We conclude that the gubernatorial approval requirement for
rulemaking is constitutional as applied to the SPI and DPI,
whether such approval authority is found in 2017 Wis. Act 57
or in previous provisions of ch. 227. Article X, Section 1
vests supervision of public instruction, an executive
function, in the SPI. In contrast, when the SPI, through the
DPI, promulgates rules, it is exercising legislative power
that comes not from the constitution but from the
legislature. Stated otherwise, the legislature delegates part
of its constitutional power to legislate to the SPI, DPI, and
many other agencies in the form of rulemaking power. That the
SPI also has the executive constitutional function to
supervise public instruction does not transform the SPI's
legislatively delegated rulemaking power into a
constitutional supervisory function. Therefore, it is of no
constitutional concern that the governor is given equal or
greater legislative authority than the SPI in rulemaking.
2011 Wis. Act 21 (Act 21) amended sections of Wis.Stat. ch.
227 (2009-10), the Wisconsin Administrative Procedure Act.
Prior to the passage of Act 21, an agency planning to draft
an administrative rule submitted a "statement of
scope" to the Legislative Reference Bureau (LRB) for
publication, and to the "individual or body with
policy-making powers over the subject matter of a proposed
rule" for approval. Wis.Stat. § 227.135(2)
(2009-10). A scope statement describes the rule and its
objectives, the statutory authority for promulgating the
rule, the time and resources required to develop the rule,
the entities affected, and a summary of relevant federal
regulations. Wis.Stat. § 227.135(1)(a)-(f)
(2017-18). After submitting the scope statement, the
agency drafted the proposed rule and submitted it to the
legislature for review. Wis.Stat. §§ 227.135-.19
Act 21 altered this procedure. Act 21 required an agency
first to submit its scope statement to the governor for
approval; agencies were prohibited from submitting a scope
statement to the LRB until the governor issued a written
notice of approval. An agency could not "perform any
activity in connection with the drafting of a proposed rule .
. . until the governor and the individual or body with
policy-making powers over the subject matter of the proposed
rule approve[d]." Wis.Stat. § 227.135(2).
Additionally, rather than submitting final drafts of proposed
rules directly to the legislature for approval, agencies were
required first to submit final drafts of proposed rules to
the governor for approval. Wis.Stat. § 227.185. The
proposed rule could not be submitted to the legislature for
approval unless and until the governor again approved the
rule in writing. Id.
We reviewed these gubernatorial approval requirements in
Coyne v. Walker, 2016 WI 38, ¶6, 368 Wis.2d
444, 879 N.W.2d 520');">879 N.W.2d 520, and decided that they were "void as
applied to the [SPI] and his subordinates."

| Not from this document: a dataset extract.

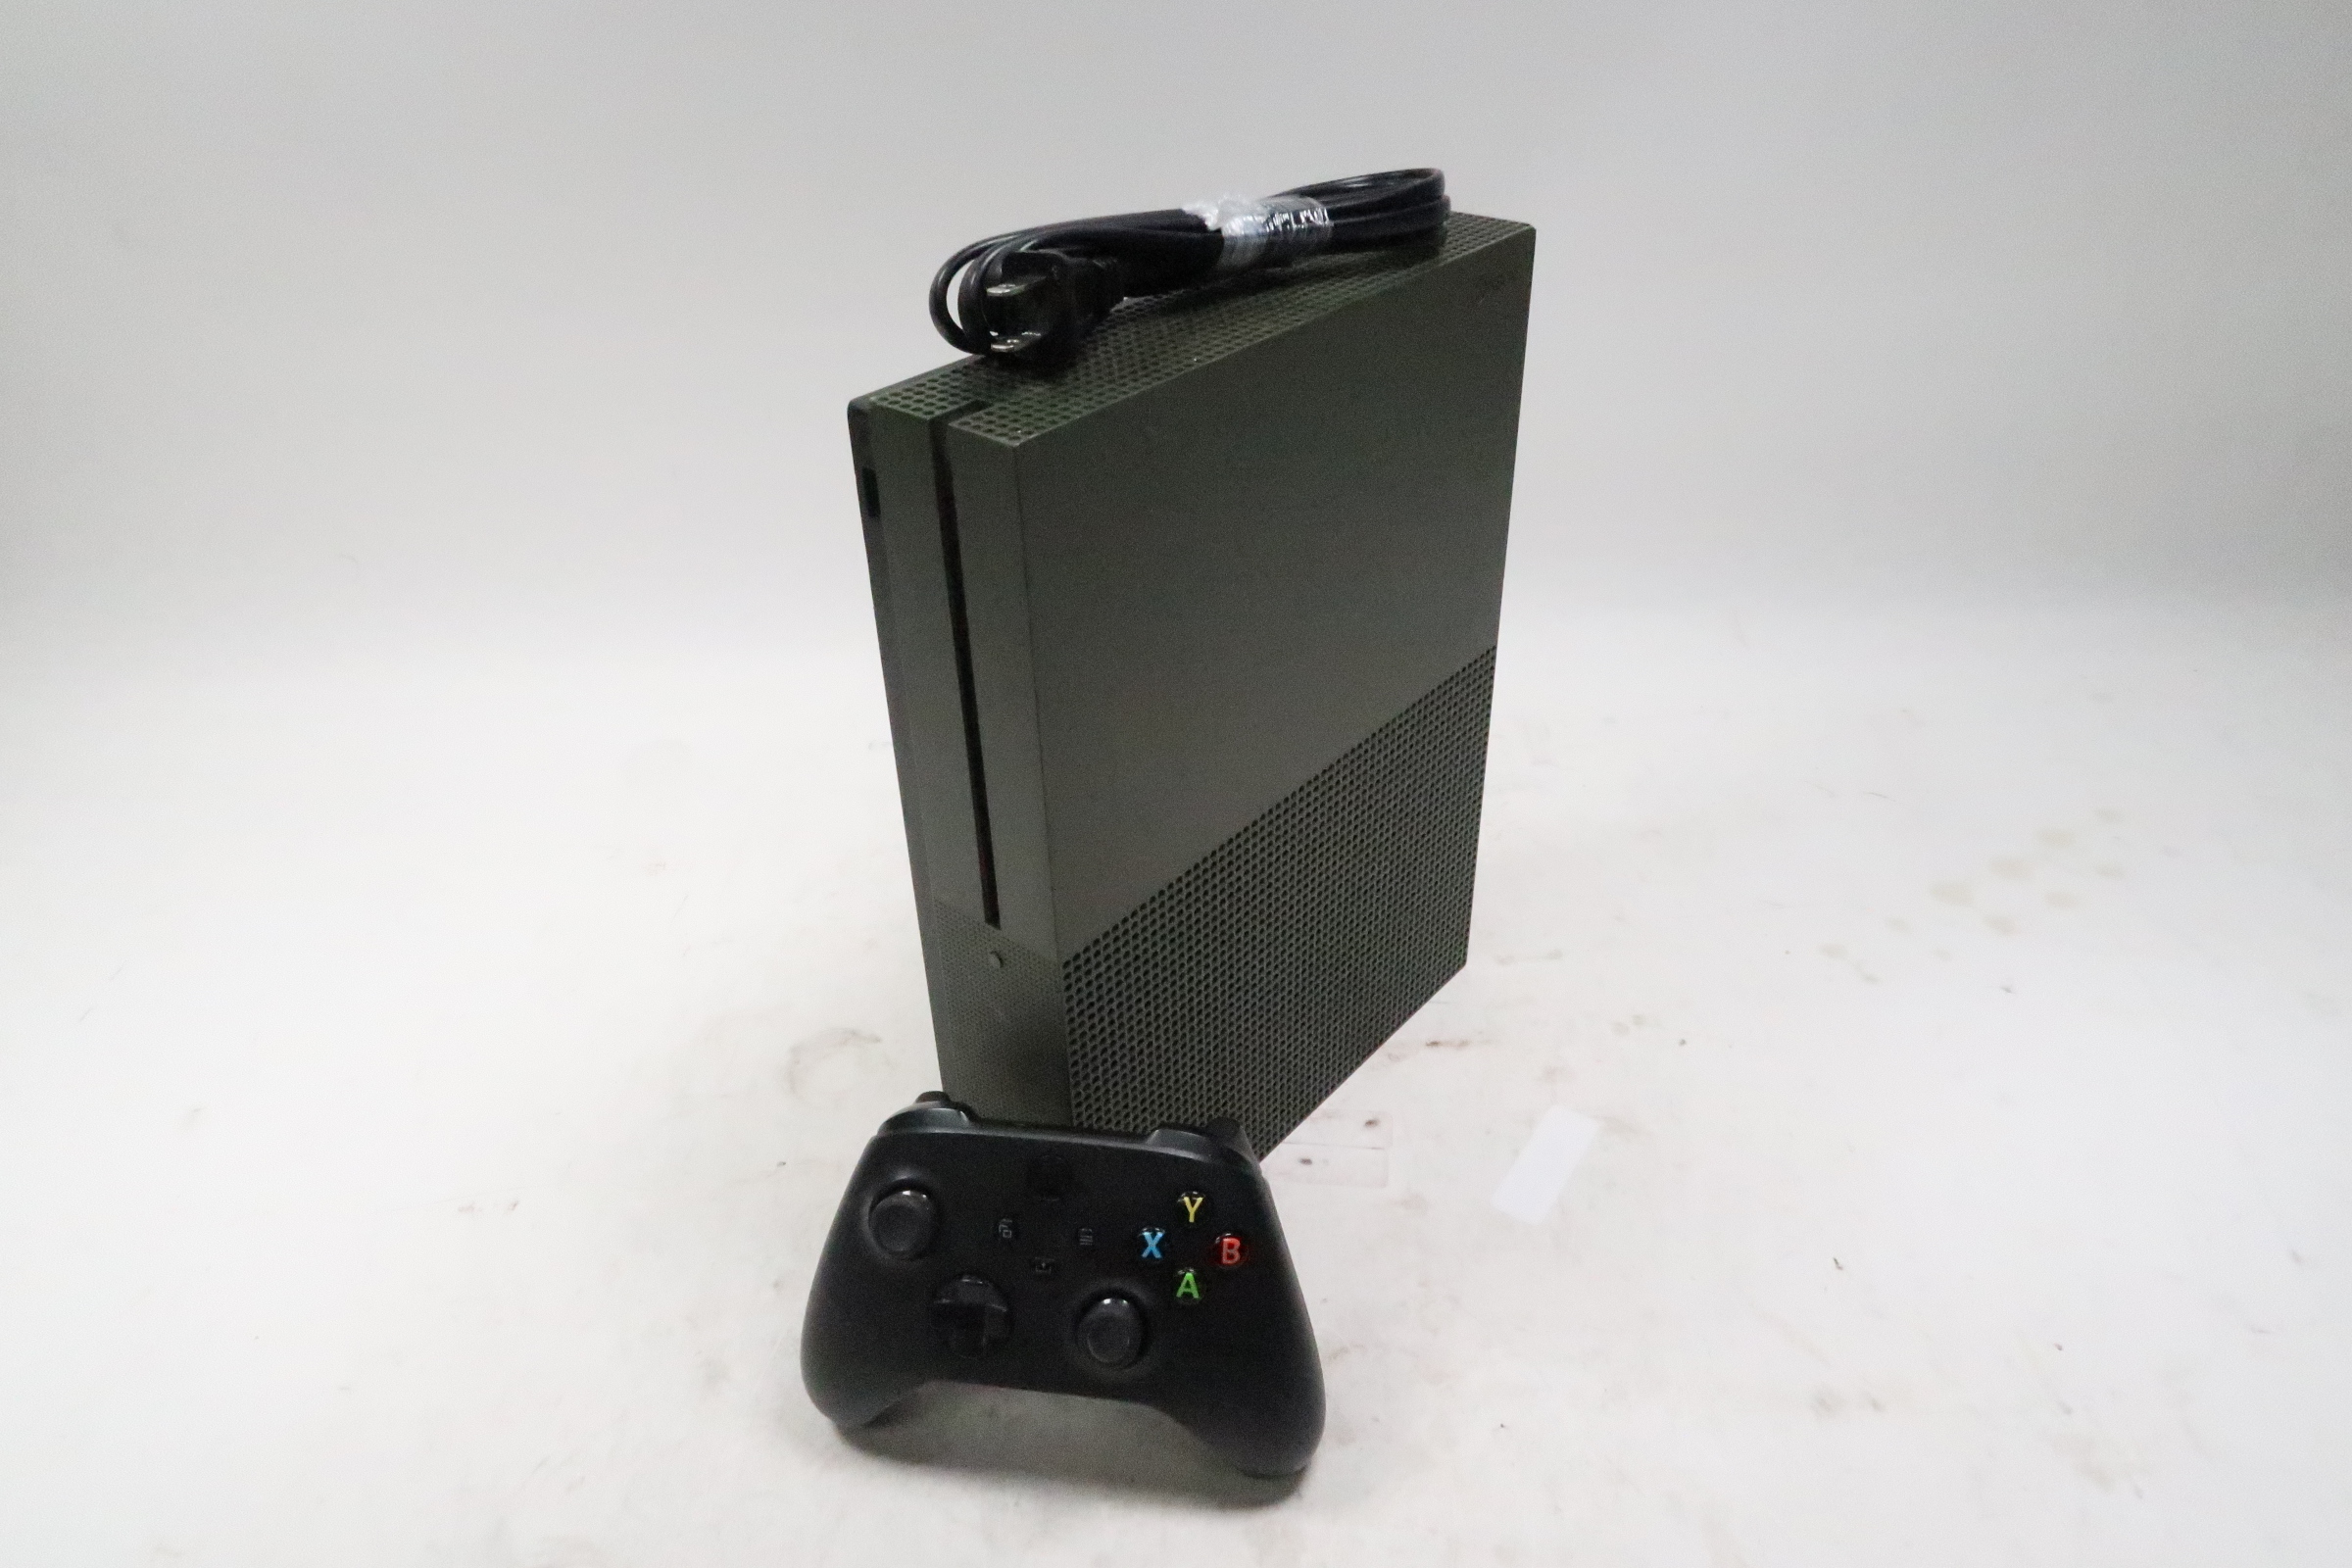 Zakenman Beschikbaar Pittig Microsoft Xbox One S Battlefield 1 Edition Green 1681 1TB Video Game Console

Id., ¶4. There was no majority opinion in
Coyne. Our mandate resulted from a one-justice lead
opinion, a two-justice concurrence, and a one-justice
concurrence, all of which agreed only on the outcome of the
In 2017, the Wisconsin legislature passed the Regulations
from the Executive in Need of Scrutiny Act, 2017 Wis. Act 57
(REINS Act). The REINS Act added the requirement that
agencies submit scope statements to the Department of
Administration (DOA), which determines whether the agency has
authority to promulgate the rule. REINS Act, § 3. The
DOA also makes a non-binding recommendation to the governor.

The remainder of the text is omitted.